Age, Biography and Wiki
Who is it? | Businessman |
Birth Day | December 15, 1892 |
Birth Place | Minneapolis, Minnesota, U.S, American |
Age | 127 YEARS OLD |
Died On | June 6, 1976(1976-06-06) (aged 83)\nSutton Place near Guildford, Surrey, England |
Birth Sign | Capricorn |
Occupation | Businessman |
Spouse(s) | Jeanette Demont (m. 1923; div. 1926) Allene Ashby (m. 1927; div. 1928) Adolphine Helmle (m. 1928; div. 1932) Ann Rork (m. 1932; div. 1936) Louise Dudley Lynch (m. 1939; div. 1958) |
Children | 5, including: Eugene Paul Getty, later John Paul Getty Jr. Gordon Peter Getty |
Parent(s) | George Franklin Getty Sarah Catherine McPherson Risher |
Net worth: $8.3 Billion (2024)
J. Paul Getty, a renowned American businessman, is projected to amass a staggering net worth of $8.3 billion by the year 2024. His success and undeniable influence in the business sphere have cemented his status as one of the leading figures in American entrepreneurship. Throughout his career, Getty's strategic acumen and shrewd investments have played a pivotal role in accumulating his vast wealth. With an indisputable knack for spotting lucrative opportunities, his ventures have propelled his net worth to unprecedented heights. As an icon of success, J. Paul Getty's significant contributions to the business world continue to inspire aspiring entrepreneurs globally.
Famous Quotes:
The second reason for my refusal was much broader-based. I contend that acceding to the demands of criminals and terrorists merely guarantees the continuing increase and spread of lawlessness, violence and such outrages as terror-bombings, "skyjackings" and the slaughter of hostages that plague our present-day world. (Getty, 1976, p. 139).
Biography/Timeline
Getty was born in Minneapolis, Minnesota, to Sarah Catherine McPherson (Risher) and George Getty, who was an attorney in the insurance industry. Paul was raised to be a Methodist by his parents, his Father was a devout Christian Scientist and both were strict teetotalers. In 1903, when Paul was 10 years old, George Getty travelled to Bartlesville, Oklahoma and bought the mineral rights for 1,100 acres of land. Within a few years Getty had established wells on the land which were producing 100,000 barrels of crude oil a month.

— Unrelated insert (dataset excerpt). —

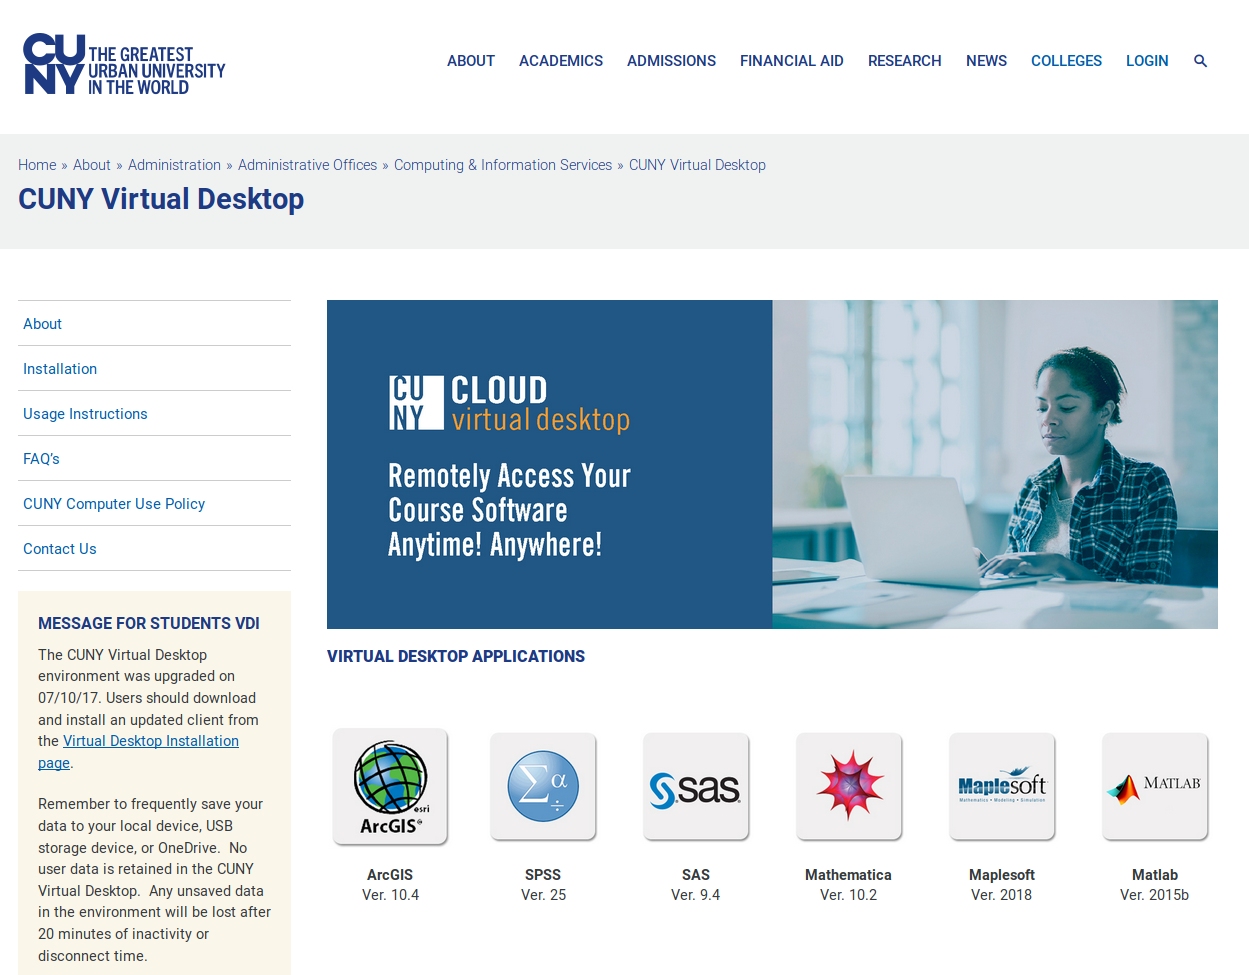 CUNY Virtual Desktop site

As newly-minted millionaires, the family moved to Los Angeles to escape the harsh Minnesota winters. At age 14 Paul attended Harvard Military School for a year, followed by Polytechnic High School, where he was given the nickname "Dictionary Getty" because of his love of reading. He became fluent in French, German and Italian - over the course of his Business life he would also become conversational in Spanish, Greek, Arabic and Russian. A love of the Classics also led him to acquire reading proficiency in Ancient Greek and Latin. He enrolled at the University of Southern California, then at the University of California, Berkeley, but left both before obtaining a degree. Enamored with Europe after travelling abroad with his parents in 1910, on November 28, 1912, Paul enrolled at the University of Oxford. A letter of introduction by then-President of the United States william Howard Taft enabled him to gain independent instruction from tutors at Magdalen College. Although he did not belong to Magdalen, he claimed that the aristocratic students "accepted me as one of their own," and he would fondly boast of the friends he made, including Edward VIII, the Future King of the United Kingdom. He obtained his degree in Economics and Political Science in 1914, then spent months travelling throughout Europe and Egypt, before meeting his parents in Paris and returning with them to America in June 1914.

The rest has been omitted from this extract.